REQUIRED ACTION
Omit the pictures and reproduce the rest of the listing exactly.

SOURCE DATA
══════

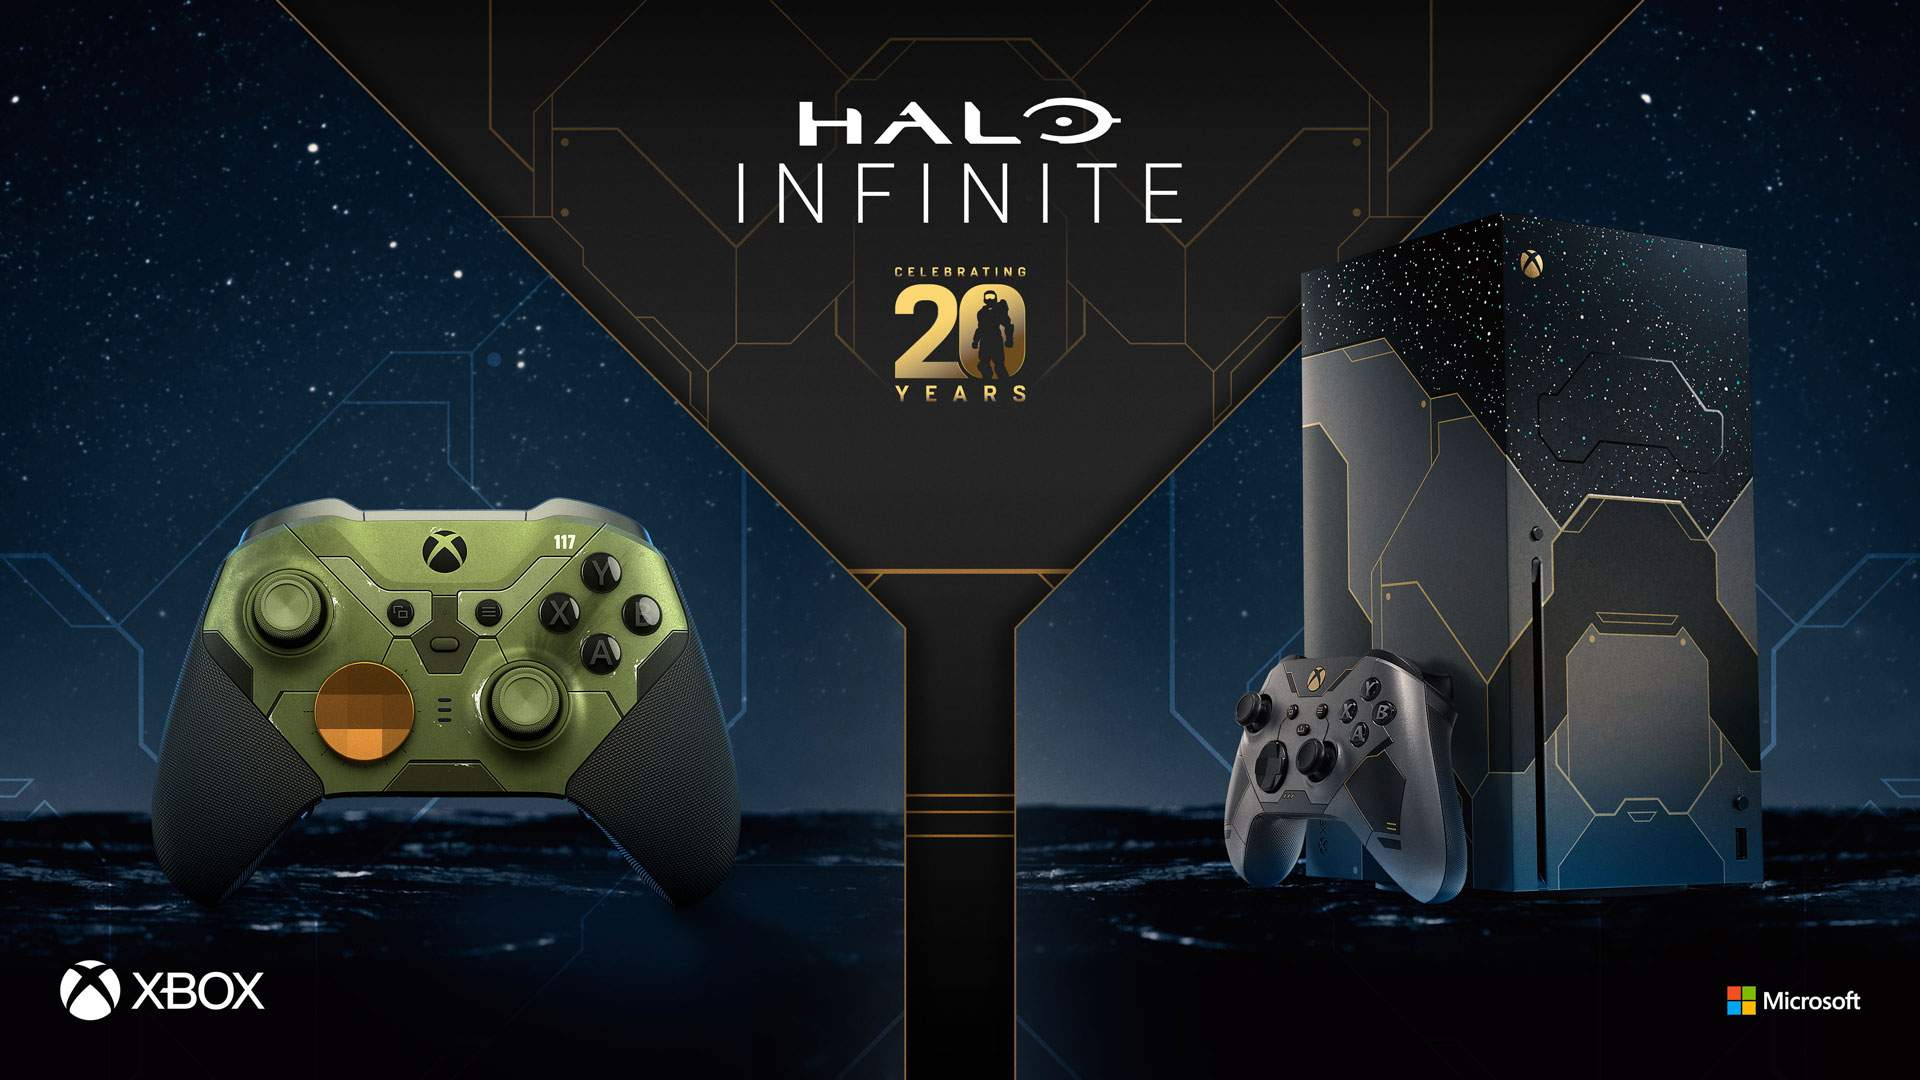 Halo Infinite 20
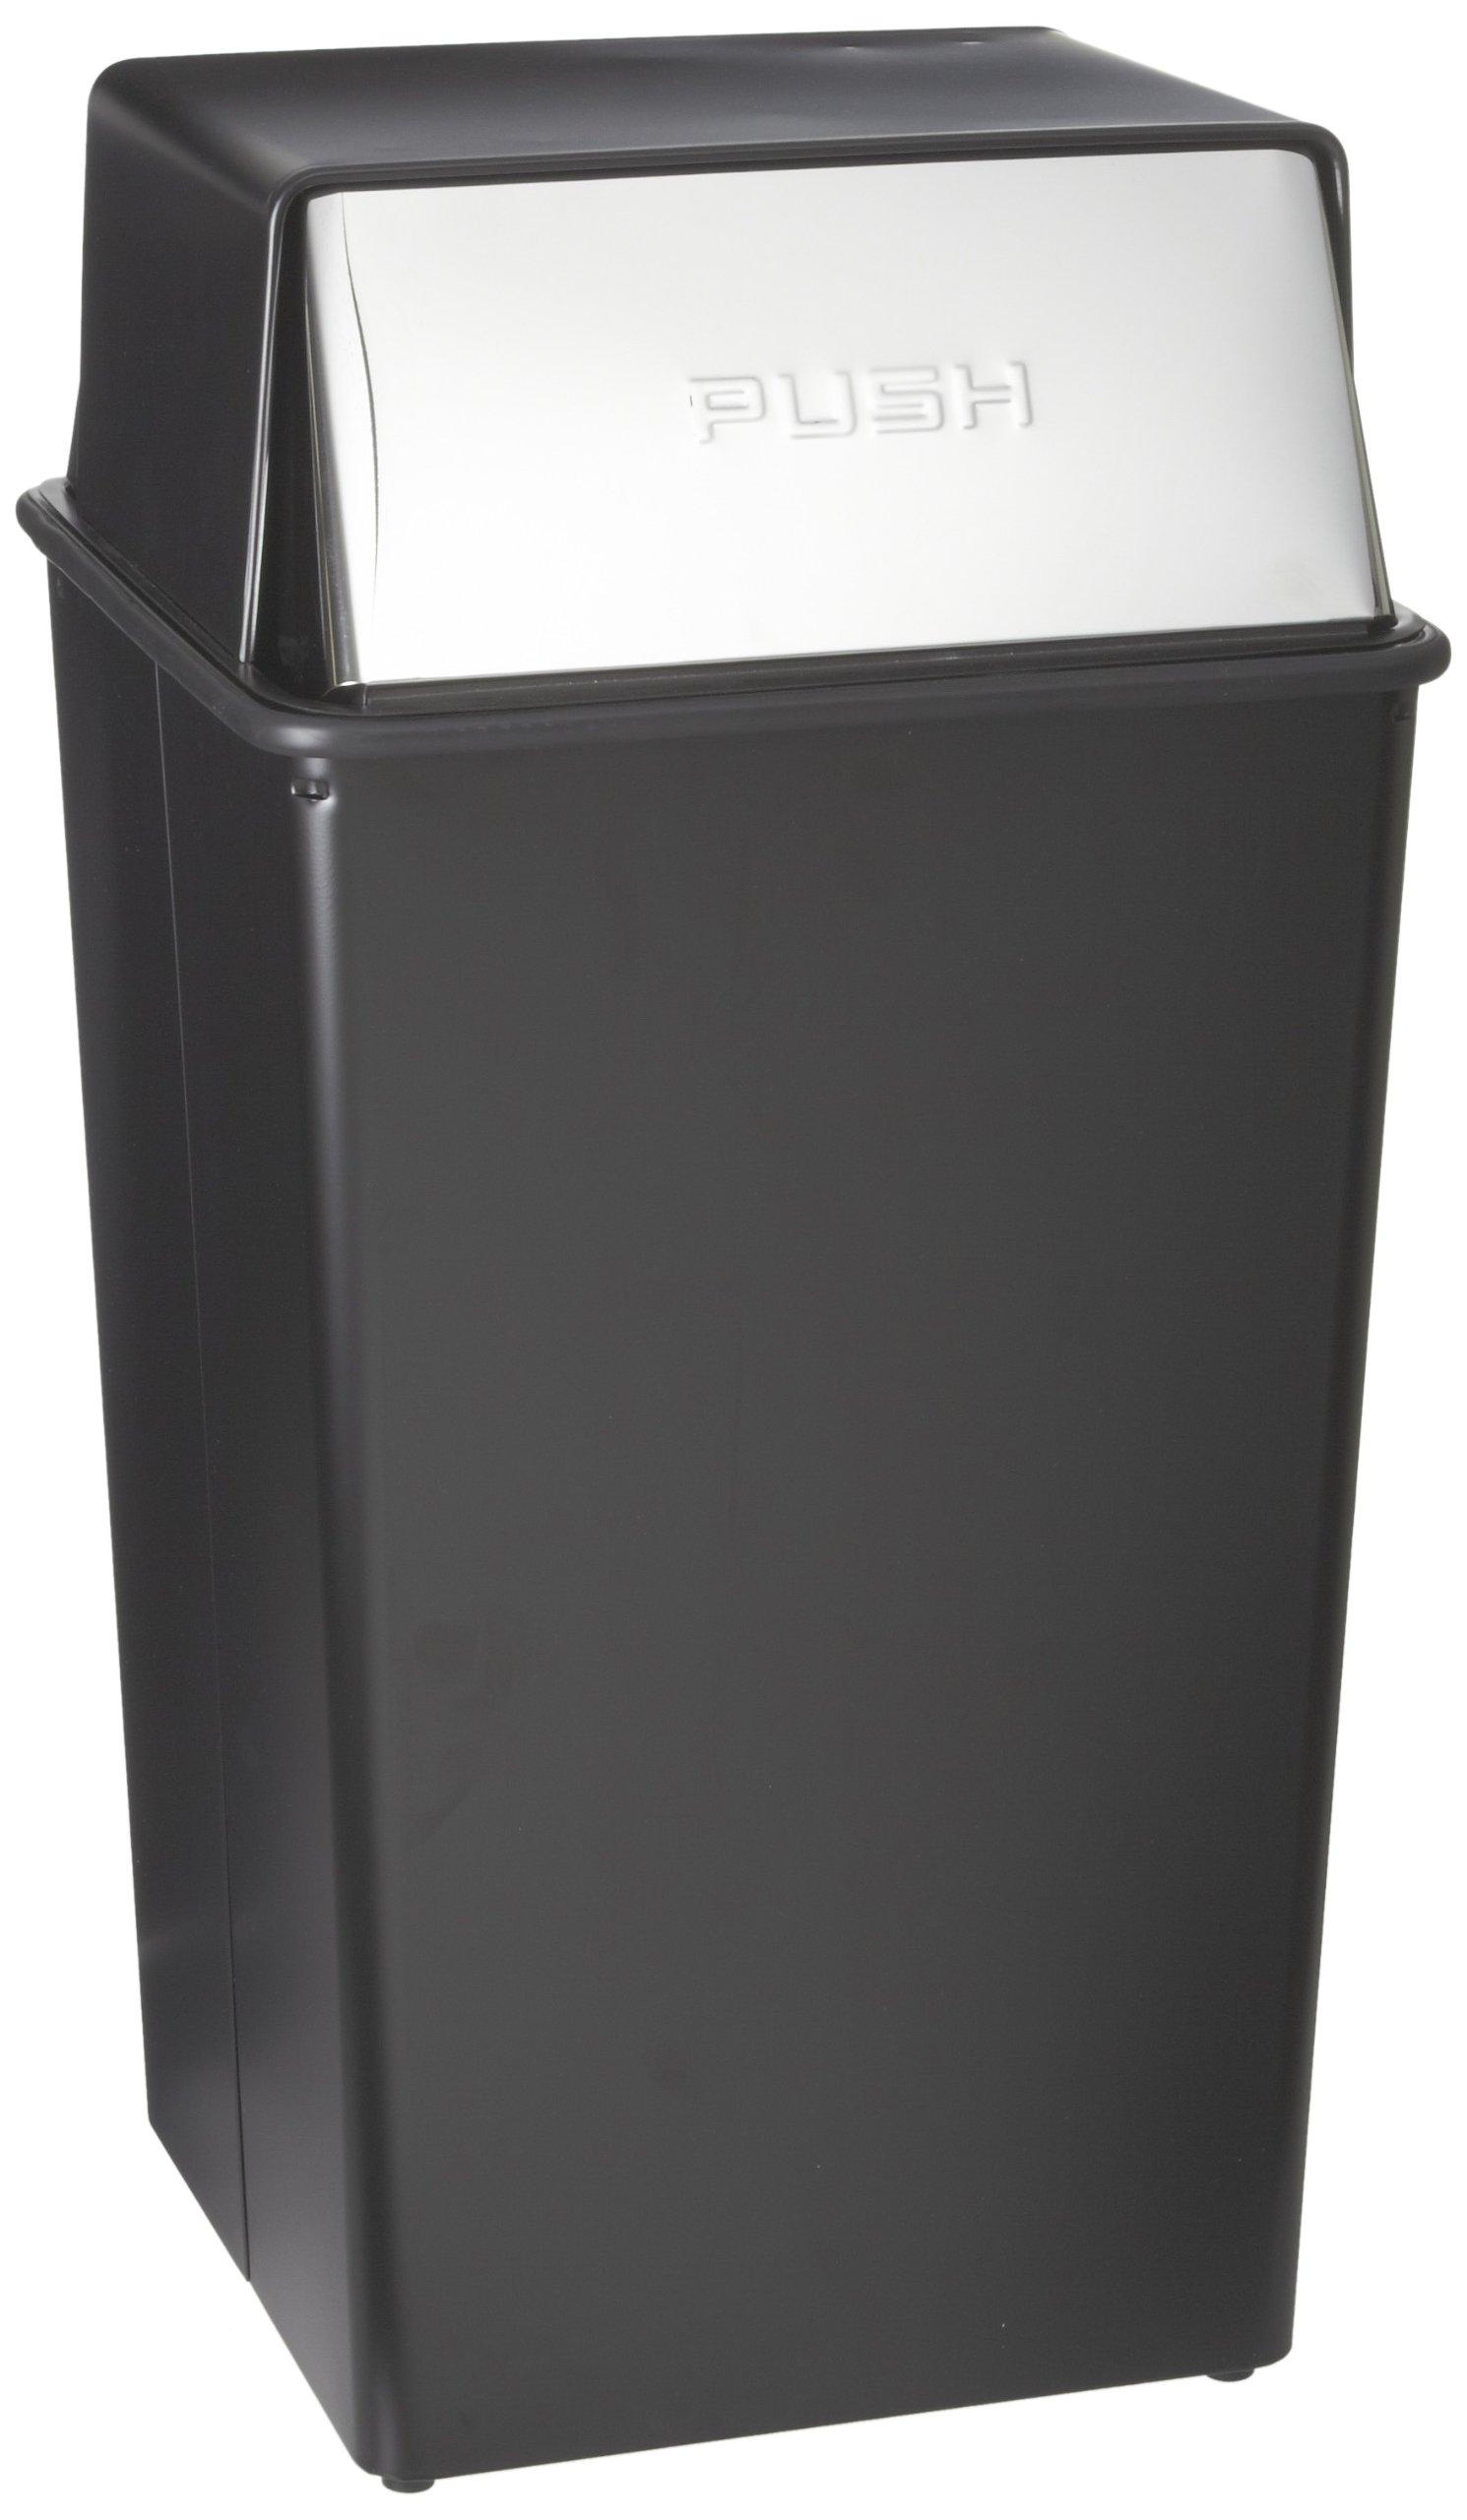 Witt Industries 36HT-22 Steel 36-Gallon Monarch Series Hamper and Push Top Receptacle, Legend ''Push'', Square, 19'' Width x 19'' Depth x 37'' Height, Black
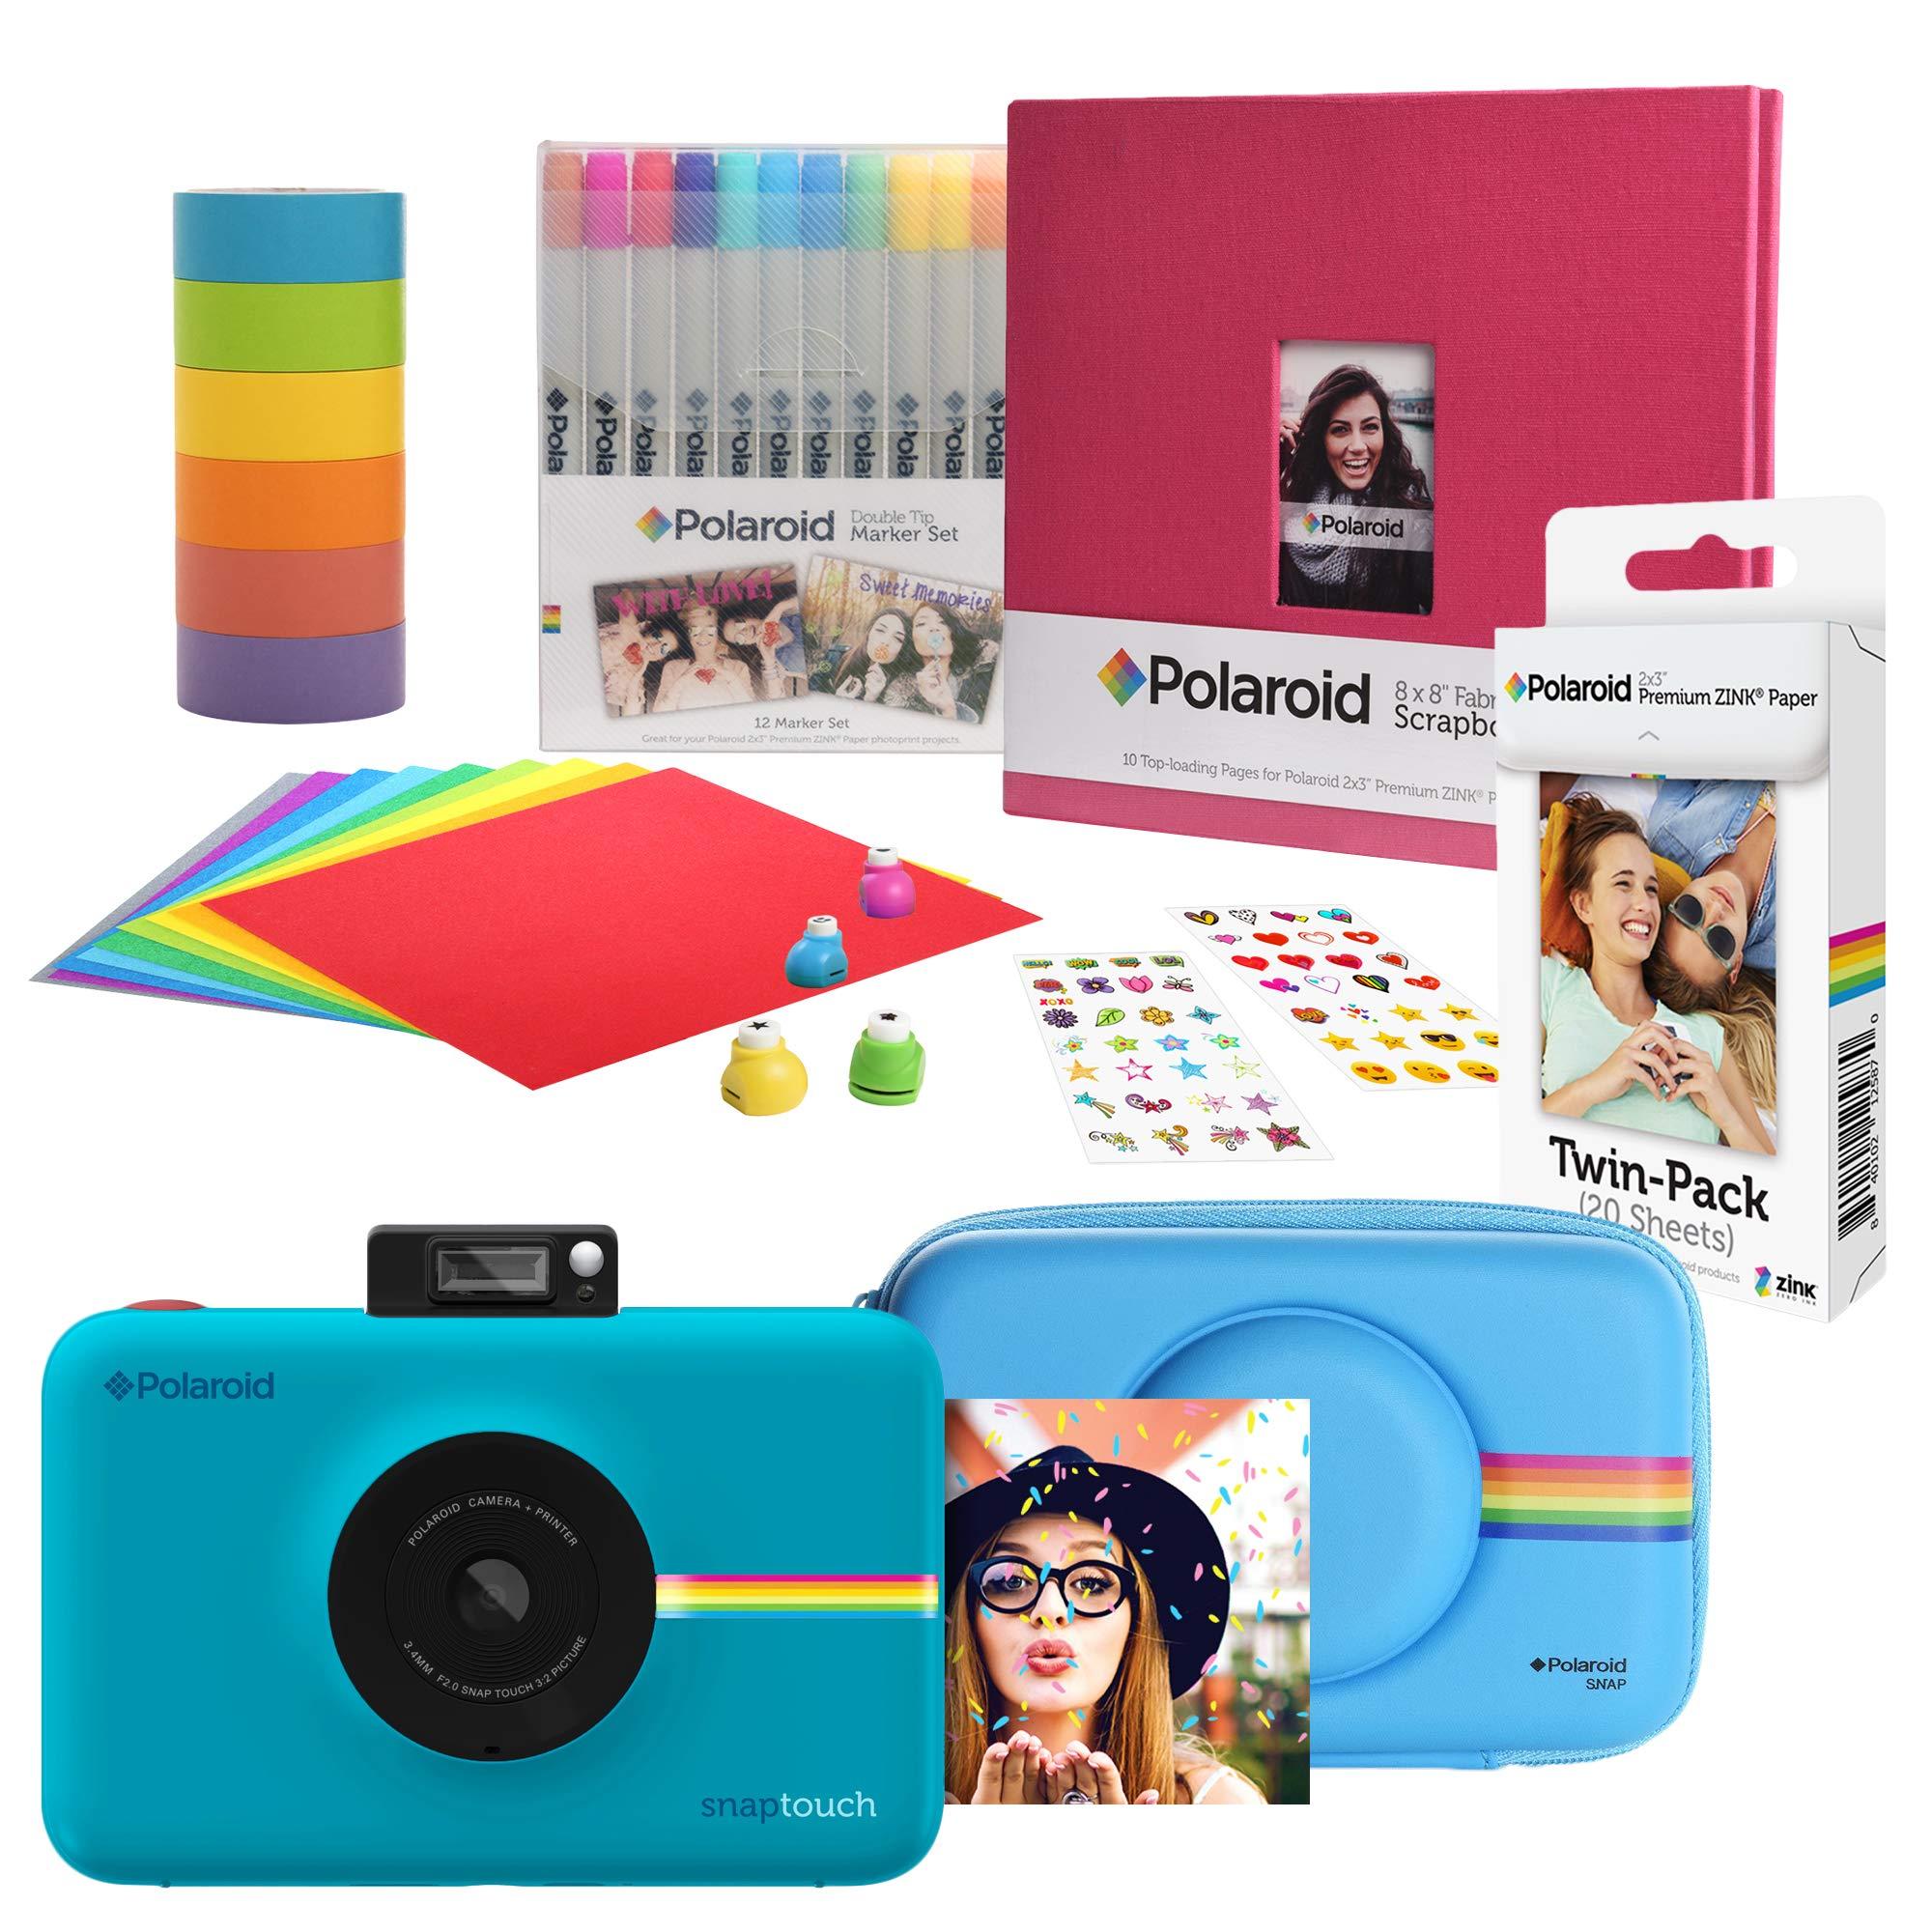 Polaroid Snap Touch Instant Digital Camera (Blue) Scrapbook Kit with Eva Case by Polaroid

══════

OUTPUT OF THE EXERCISE
 Halo Infinite 20
 Witt Industries 36HT-22 Steel 36-Gallon Monarch Series Hamper and Push Top Receptacle, Legend ''Push'', Square, 19'' Width x 19'' Depth x 37'' Height, Black
 Polaroid Snap Touch Instant Digital Camera (Blue) Scrapbook Kit with Eva Case by Polaroid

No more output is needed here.